Thursday, May 30, 2019

Tackling Tobacco 21 Objections


In his recent commentary, Ramesh Ponnuru asserts that “there’s no…justification [unlike alcohol] for raising the age to buy tobacco products” from 18 to 21.  While more thoughtful than some opponents, Ponnuru echoes a familiar refrain: “If you’re old enough to vote, serve on a jury, marry or fight in a war, you should be considered old enough to light up, too.”

The logic of this argument quickly fails under examination.
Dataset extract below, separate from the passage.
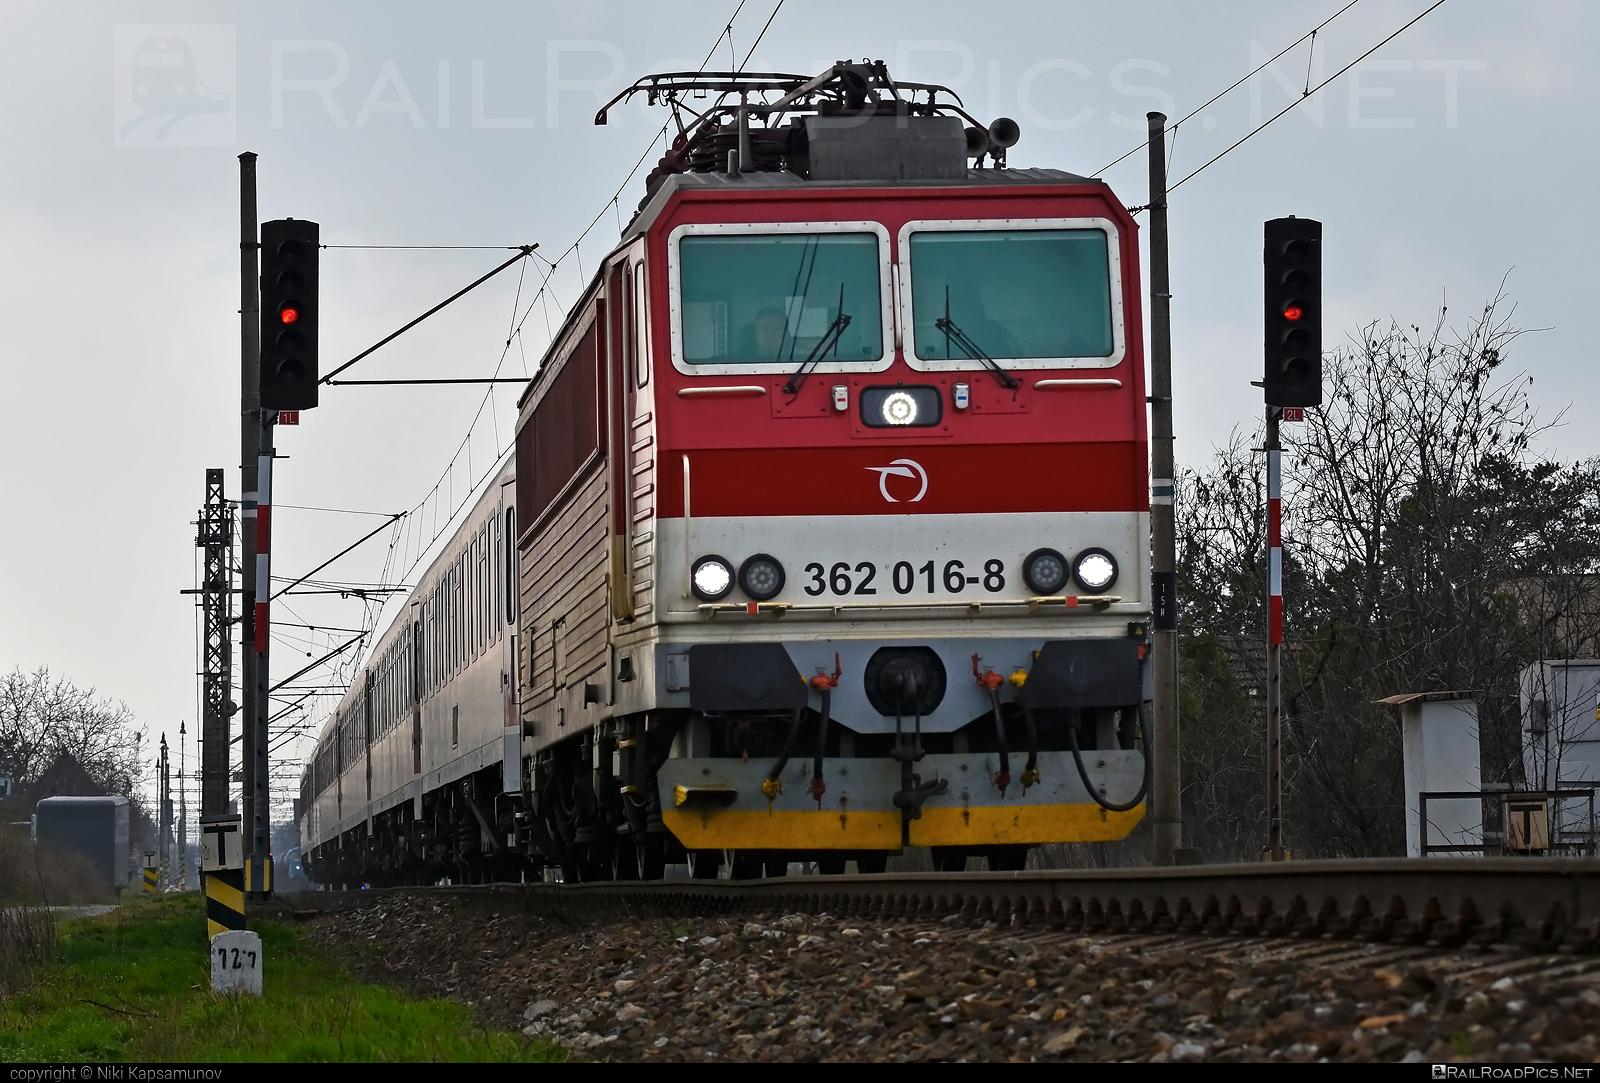 Škoda 69Er - 362 016-8 operated by Železničná Spoločnost' Slovensko, a.s. #ZeleznicnaSpolocnostSlovensko #eso #locomotive362 #rychleeso #skoda #skoda69er #zssk

While one may cherish voting or marriage, they are still considered privileges that are subject to qualifications.  One of these is age, which is not permanently set in stone but determined by historical and cultural customs.  For example, the Preventing Tobacco Addiction Foundation notes that “For 600 years of English common law and throughout most of U.S. legal history, the age of 21 was regarded as the age of full adult status.”  Serving on a jury is required by law (Title 28, U.S. Code, Sections 1861-1878), and as such, the current age of 18 years is subject to revision. 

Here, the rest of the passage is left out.